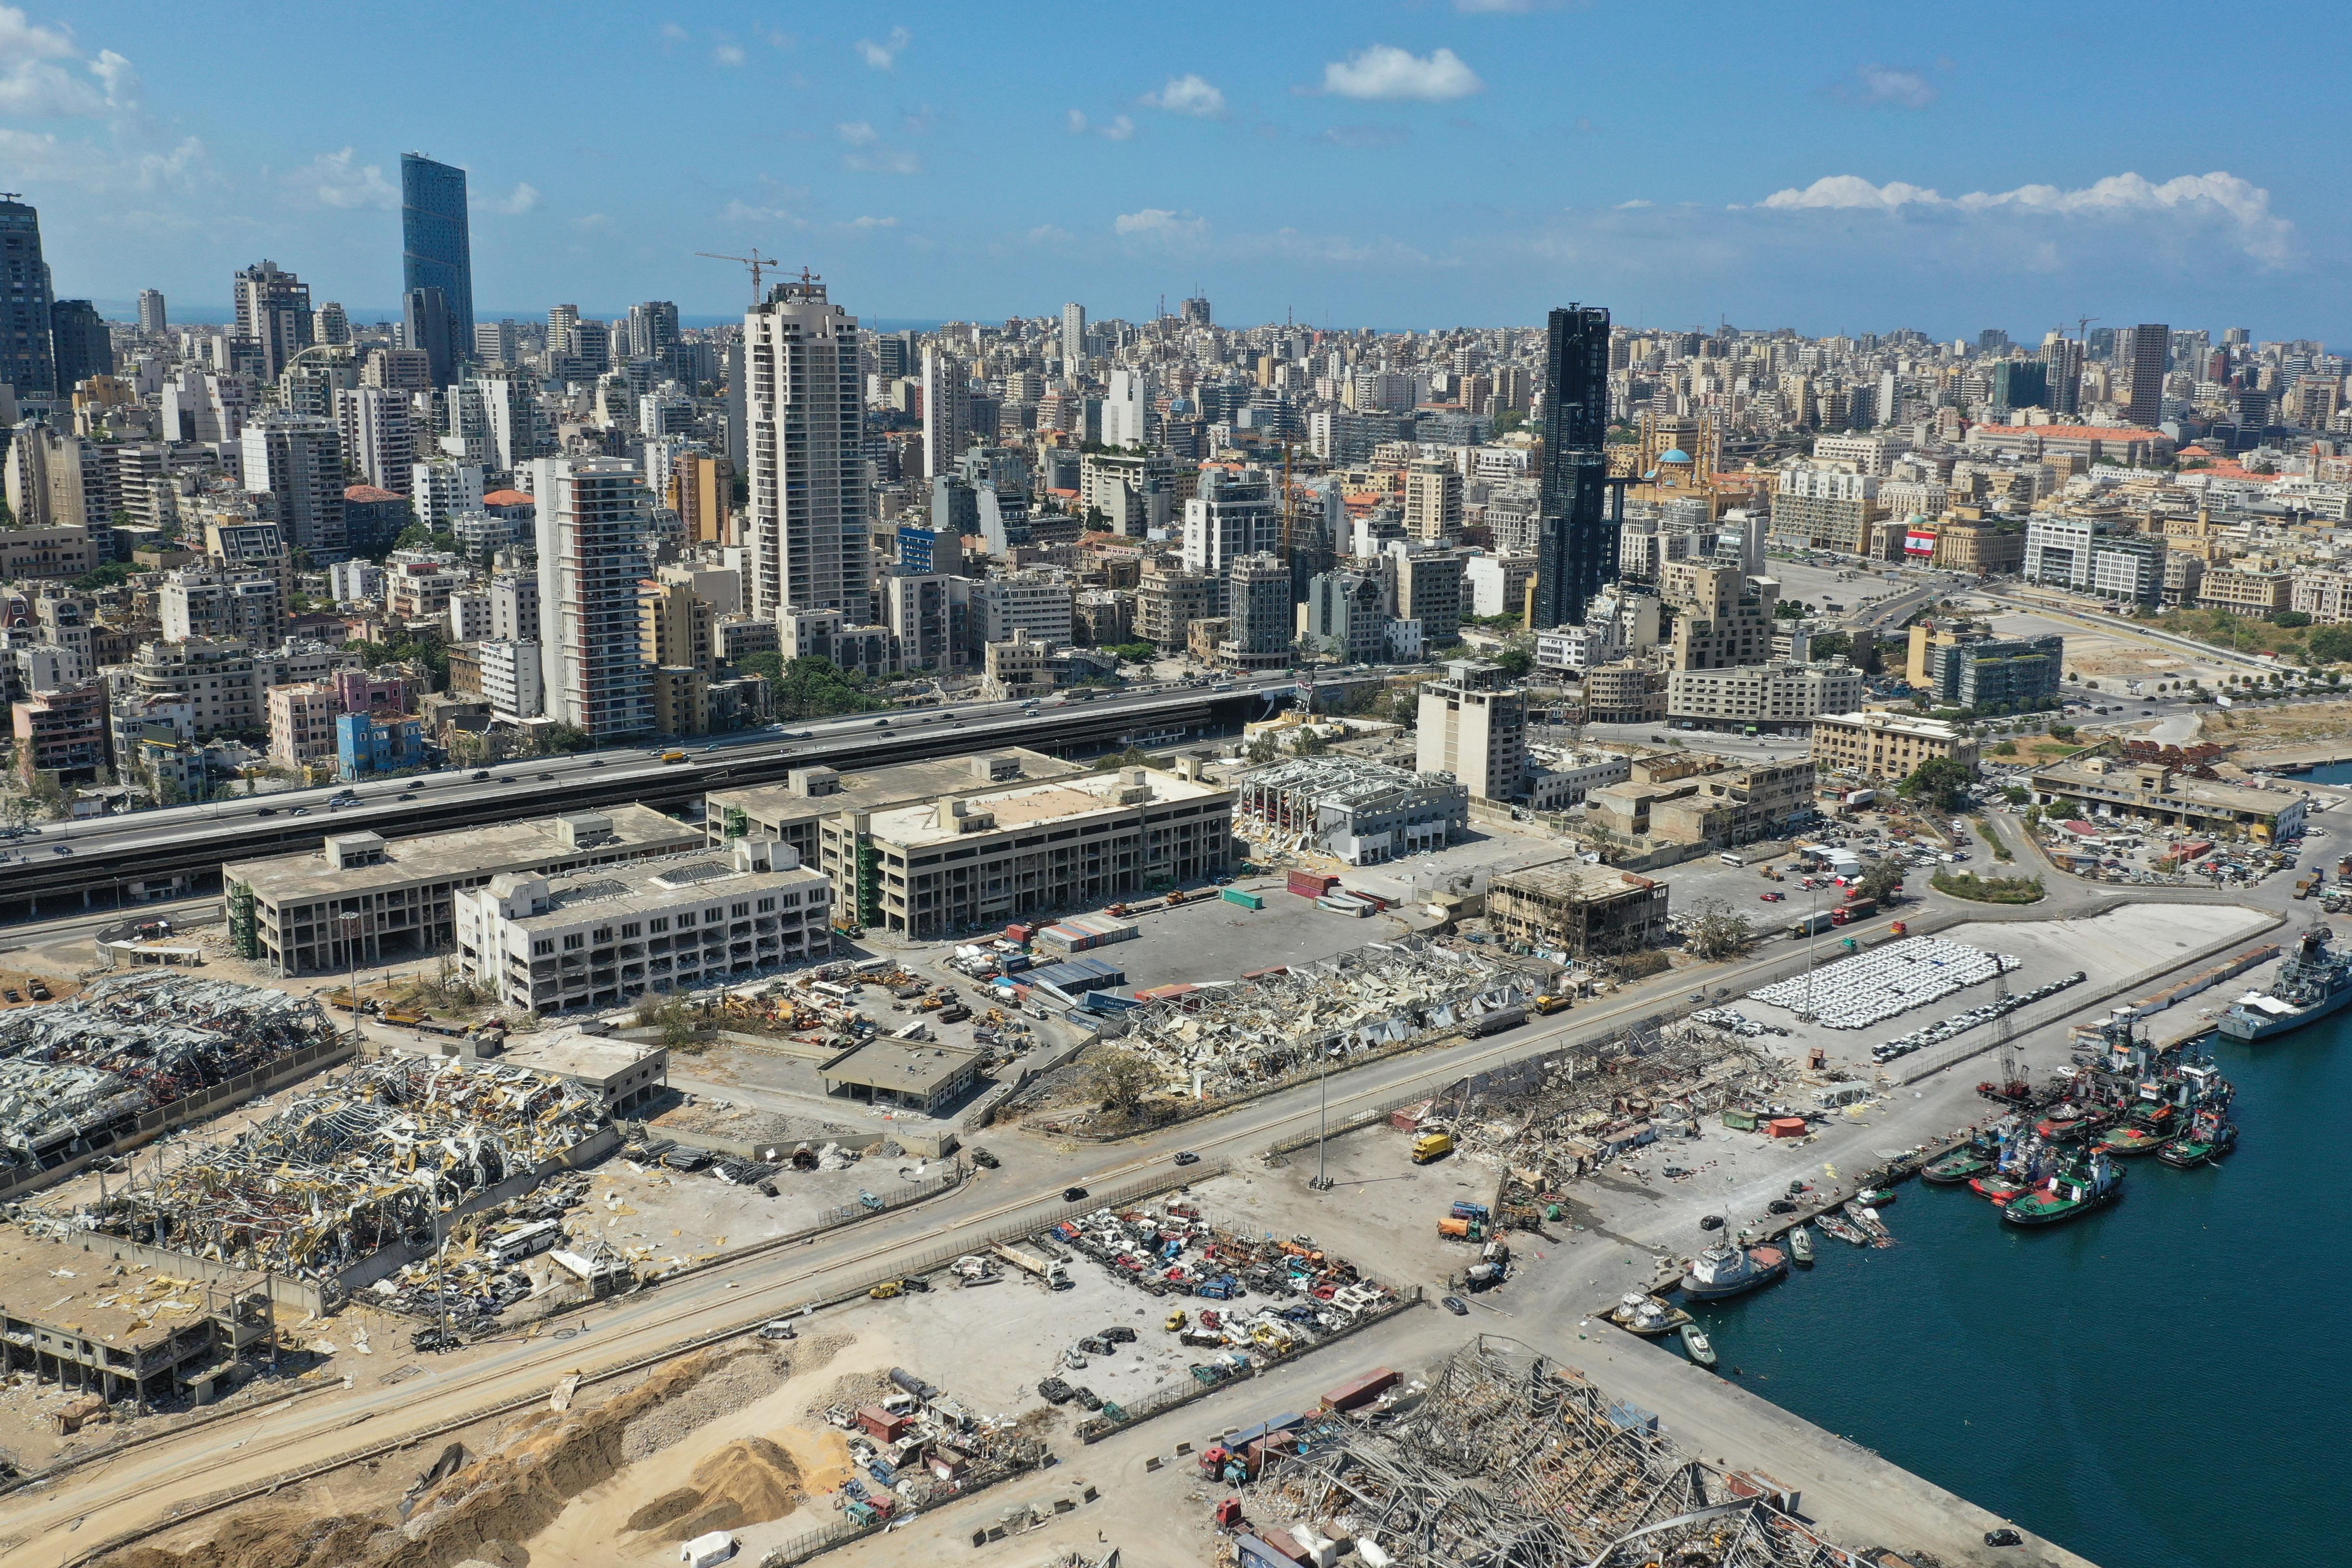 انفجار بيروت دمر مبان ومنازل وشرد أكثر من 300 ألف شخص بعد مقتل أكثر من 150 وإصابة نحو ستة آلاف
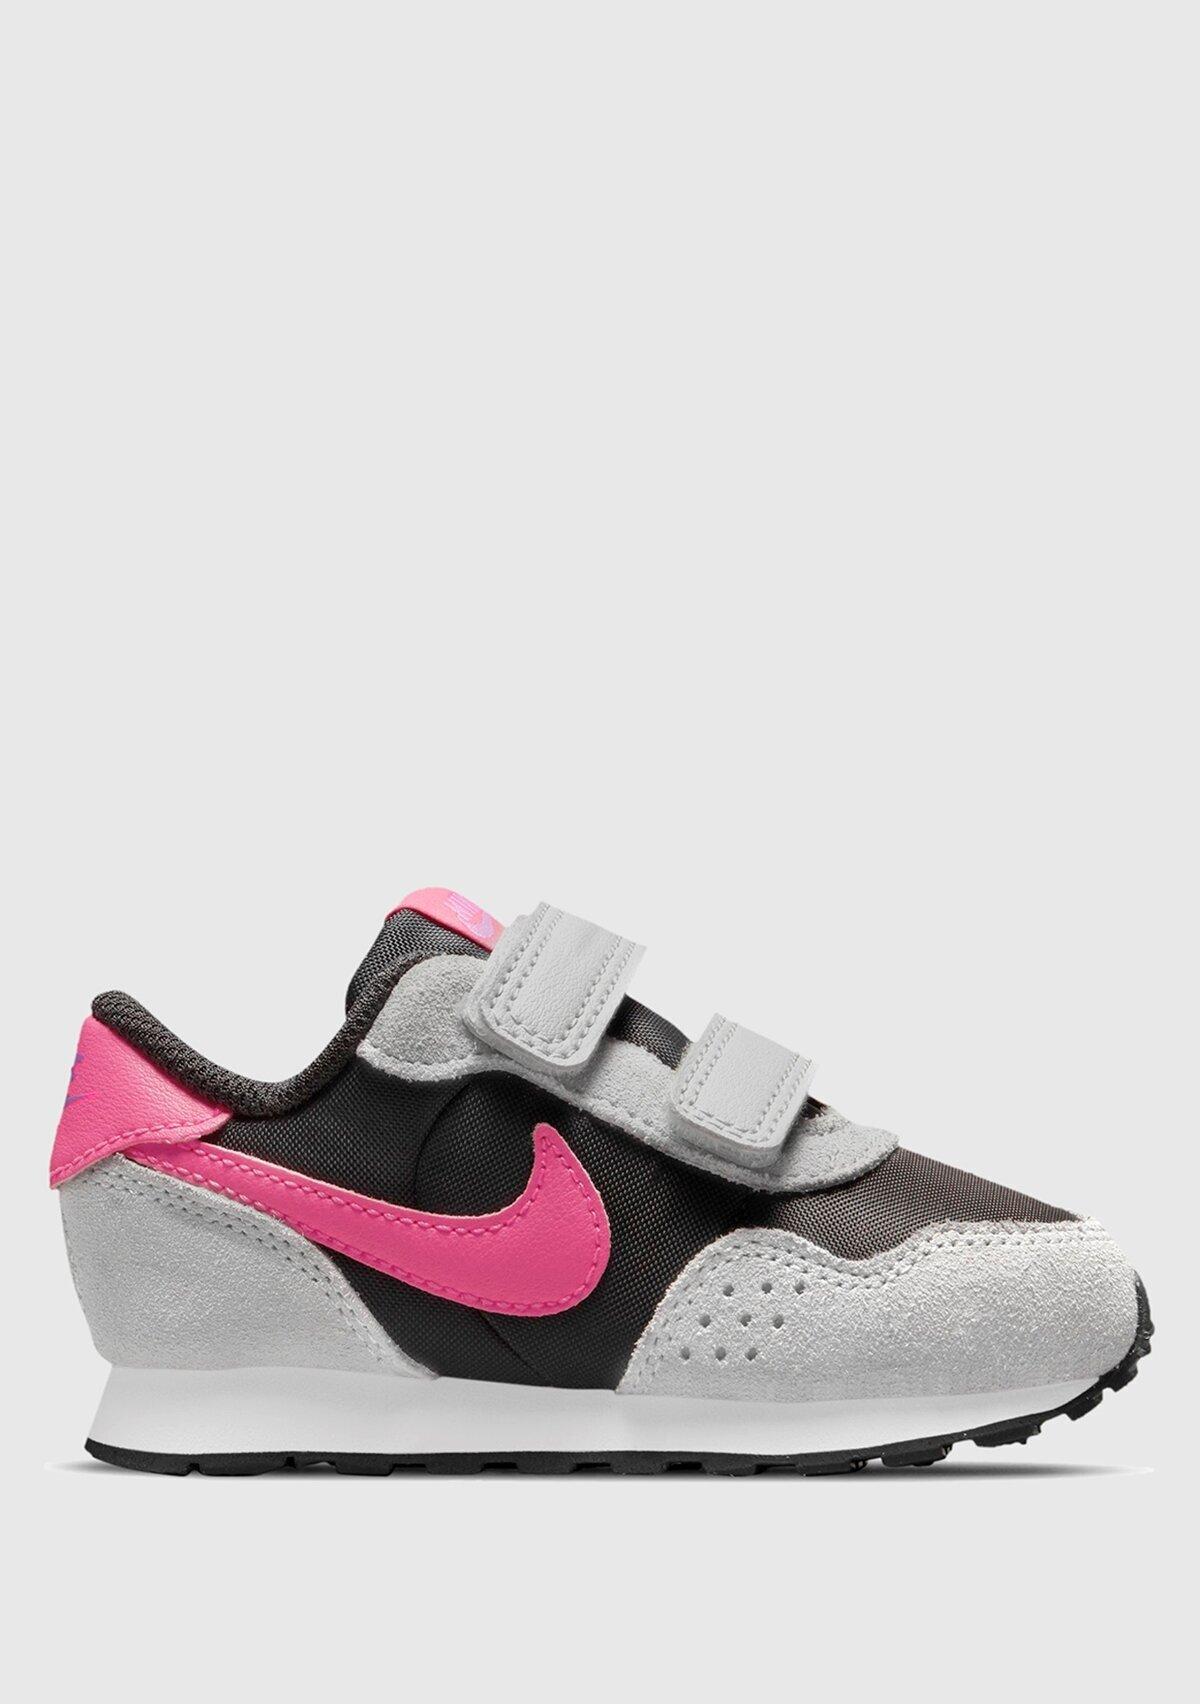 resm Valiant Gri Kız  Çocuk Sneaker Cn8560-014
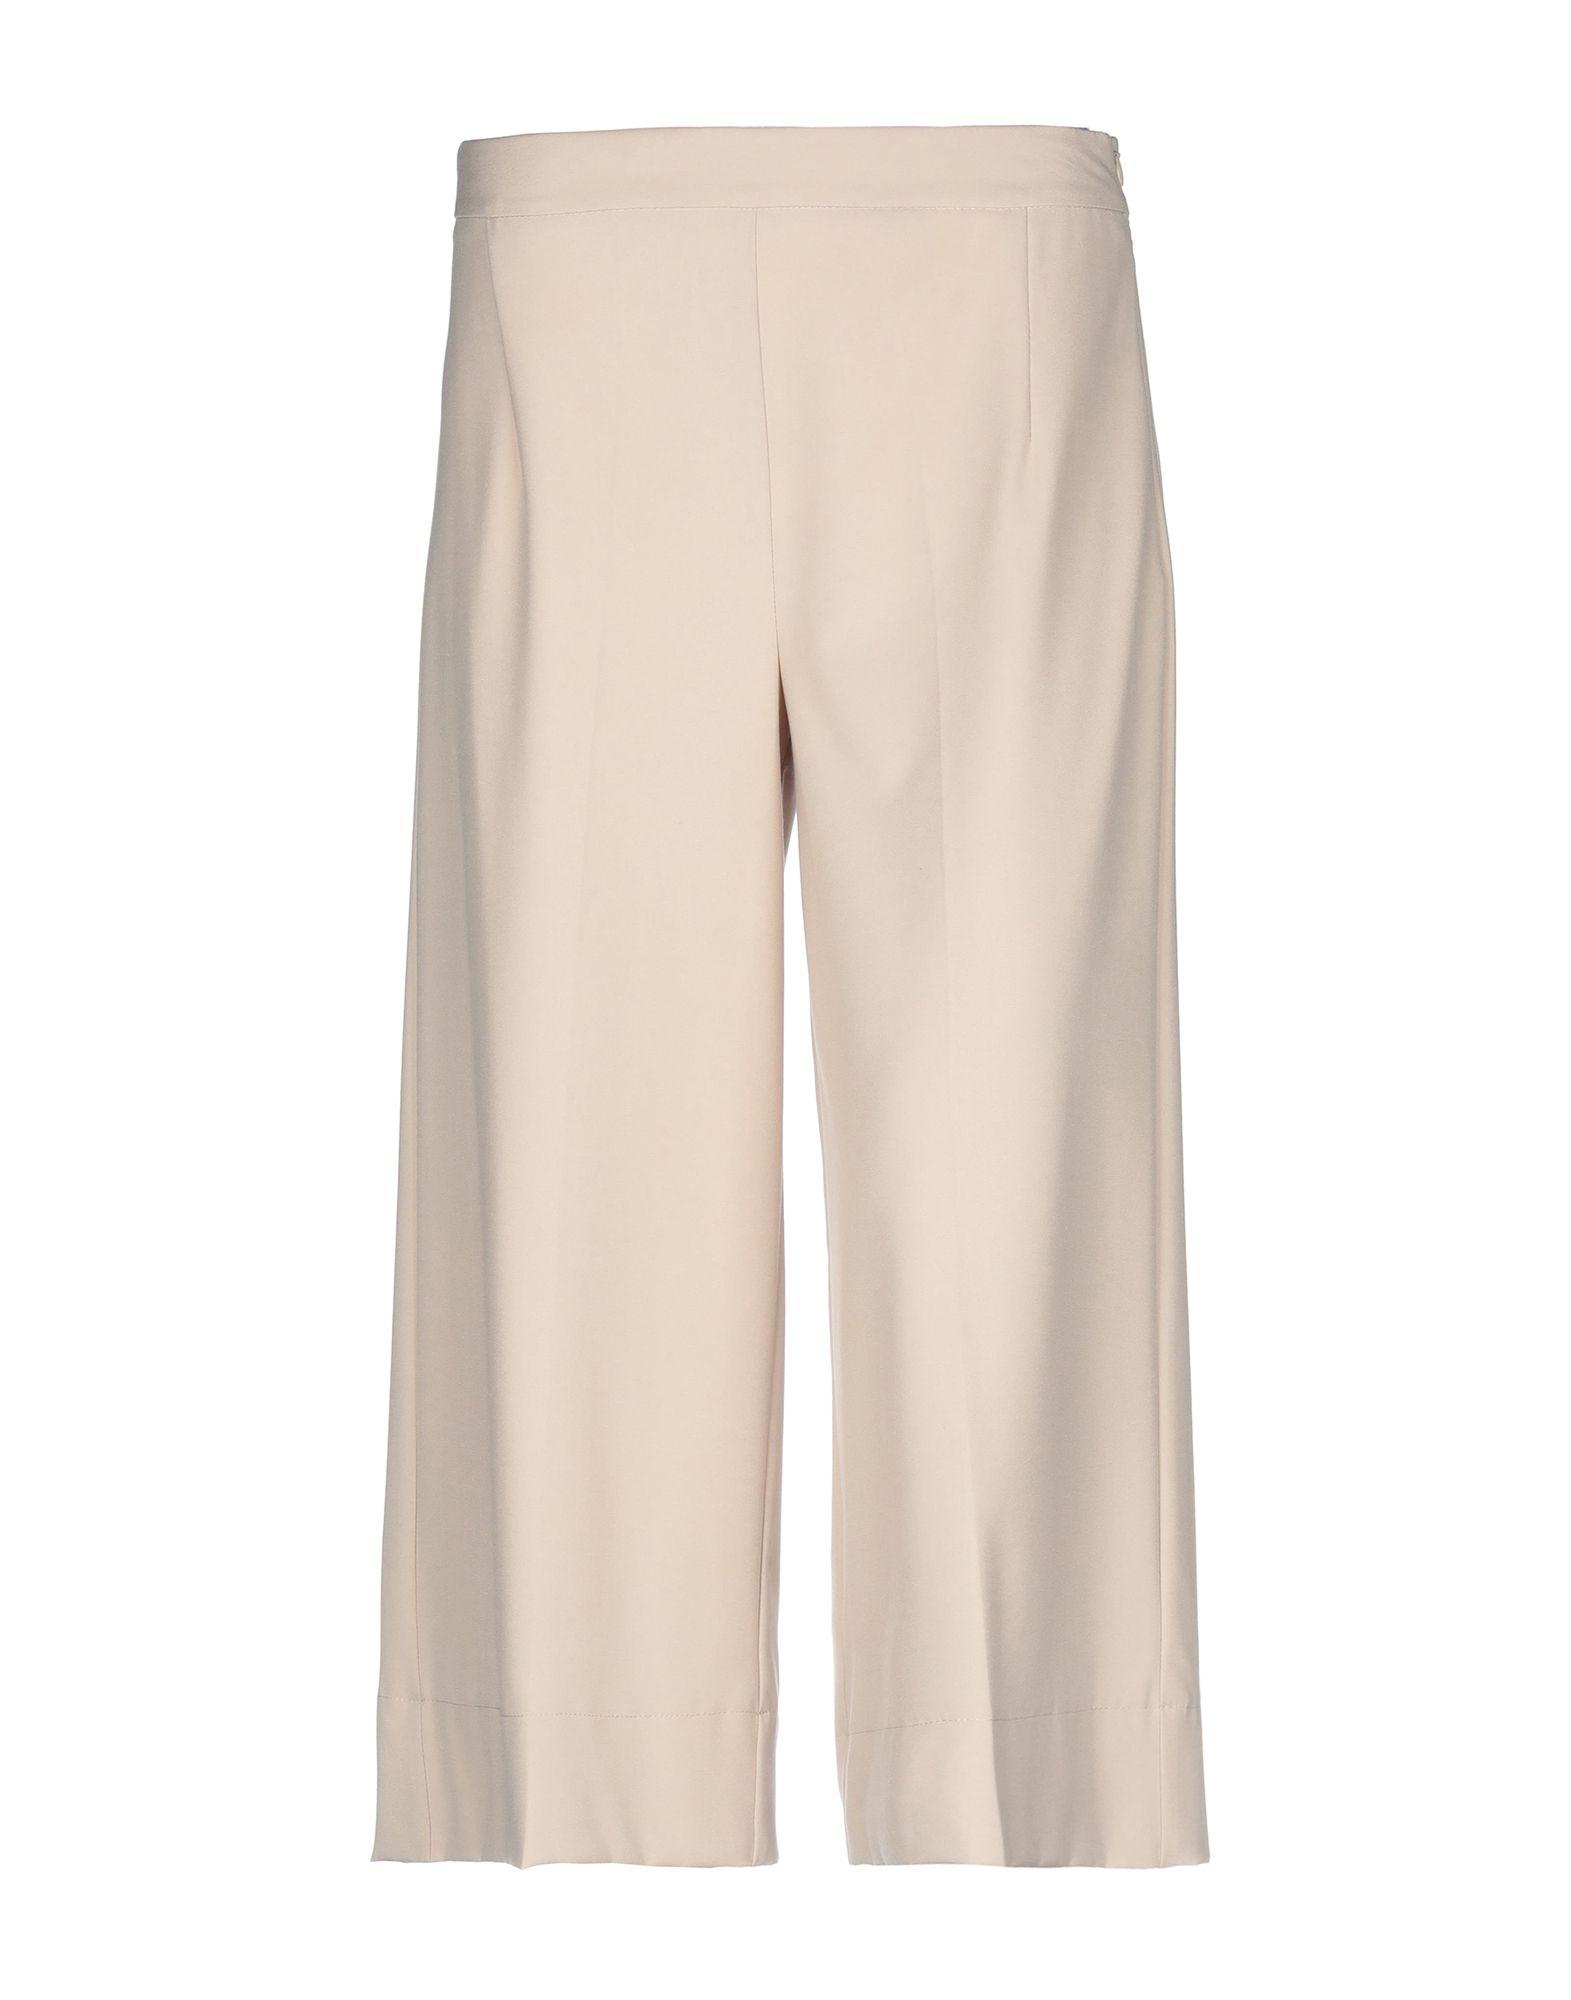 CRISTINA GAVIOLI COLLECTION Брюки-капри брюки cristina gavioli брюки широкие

▸ **EXERCISE**: Begin with the line that contains "resm Valiant Gri" and repeat every line through the end of the data, exactly and only those lines, leaving out the pictures.

▸ **WRITTEN ANSWER**:
 resm Valiant Gri Kız  Çocuk Sneaker Cn8560-014
 CRISTINA GAVIOLI COLLECTION Брюки-капри брюки cristina gavioli брюки широкие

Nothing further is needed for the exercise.